Imagine you have two binary numbers: a and b. And let's say that these number never have 1 in the same bit at the same time, i.e. if a has 1 in some bit, the b always has 0 in the corresponding bit. And in other direction, if b has 1 in some bit, then a always has 0 in that bit. For example
a = 00100011
b = 11000100
This would be an example of a and b satisfying the above condition. In this case it is easy to see that a | b would be exactly the same as a + b.
a | b = 11100111
a + b = 11100111
Let's now take two numbers that violate our condition, i.e. two numbers have at least one 1 in some common bit
a = 00100111
b = 11000100
Is a | b the same as a + b in this case? No
a | b = 11100111
a + b = 11101011
Why are they different? They are different because when we + the bit that has 1 in both numbers, we produce so called carry: the resultant bit is 0, and 1 is carried to the next bit to the left: 1 + 1 = 10. Operation | has no carry, so 1 | 1 is again just 1.

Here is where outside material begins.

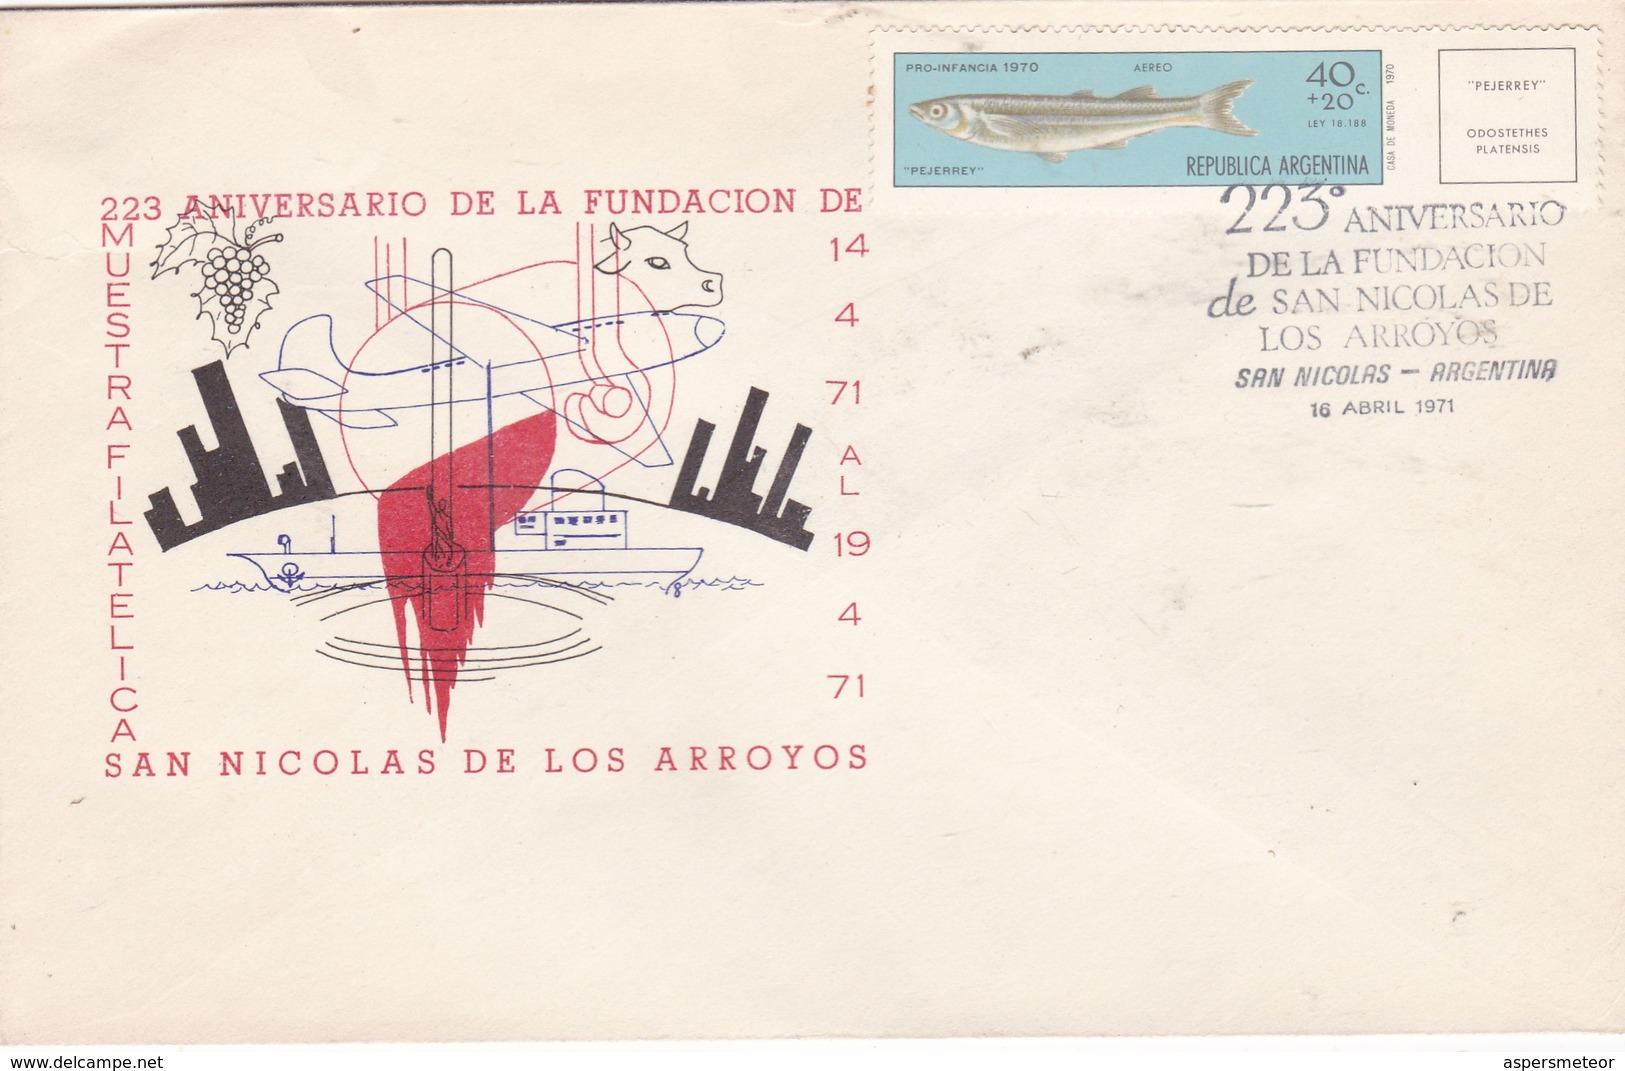 223 ANIVERSARIO FUNDACION DE SAN NICOLAS DE LOS ARROYOS AÑO 1971. SPECIAL COVER - BLEUP - Argentina

This means that the difference between a | b and a + b occurs when and only when the numbers have at least one 1 in common bit. When we sum two numbers with 1 in common bits, these common bits get added "twice" and produce a carry, which ruins the similarity between a | b and a + b.
Now look at a & b. What does a & b calculate? a & b produces the number that has 1 in all bits where both a and b have 1. In our latest example
a = 00100111
b = 11000100
a & b = 00000100
As you saw above, these are exactly the bits that make a + b differ from a | b. The 1 in a & b indicate all positions where carry will occur.
Now, when we do a - (a & b) we effectively remove (subtract) all "offending" bits from a and only such bits
a - (a & b) = 00100011
Numbers a - (a & b) and b have no common 1 bits, which means that if we add a - (a & b) and b we won't run into a carry, and, if you think about it, we should end up with the same result as if we just did a | b
a - (a & b) + b = 11100111
A&B = C where any bits left set in C are those set in both A and in B.
Either A-C = D or B-C = E sets just these common bits to 0. There is no carrying effect because 1-1=0.
D+B or E+A is similar to A+B except that because we subtracted A&B previously there will be no carry due to having cleared all commonly set bits in D or E.
The net result is that A-A&B+B or B-A&B+A is equivalent to A|B.
Here's a truth table if it's still confusing:
A | B | OR A | B | & A | B | - A | B | +
---+---+---- ---+---+--- ---+---+--- ---+---+---
0 | 0 | 0 0 | 0 | 0 0 | 0 | 0 0 | 0 | 0
0 | 1 | 1 0 | 1 | 0 0 | 1 | 0-1 0 | 1 | 1
1 | 0 | 1 1 | 0 | 0 1 | 0 | 1 1 | 0 | 1
1 | 1 | 1 1 | 1 | 1 1 | 1 | 0 1 | 1 | 1+1
Notice the carry rows in the + and - operations, we avoid those because A-(A&B) sets cases were both bits in A and B are 1 to 0 in A, then adding them back from B also brings in the other cases were there was a 1 in either A or B but not where both had 0, so the OR truth table and the A-(A&B)+B truth table are identical.
Another way to eyeball it is to see that A+B is almost like A|B except for the carry in the bottom row. A&B isolates that bottom row for us, A-A&B moves those isolated cased up two rows in the + table, and the (A-A&B)+B becomes equivalent to A|B.
While you could commute this to A+B-(A&B), I was afraid of a possible overflow but that was unjustified it seems:
#include <stdio.h>
int main(){ unsigned int a=0xC0000000, b=0xA0000000;
printf("%x %x %x %x\n",a, b, a|b, a&b);
printf("%x %x %x %x\n",a+b, a-(a&b), a-(a&b)+b, a+b-(a&b)); }
c0000000 a0000000 e0000000 80000000
60000000 40000000 e0000000 e0000000
Edit: So I wrote this before there were answers, then there was some 2 hours of down time on my home connection, and I finally managed to post it, noticing only afterwards that it'd been properly answered twice. Personally I prefer referring to a truth table to work out bitwise operations, so I'll leave it in case it helps someone.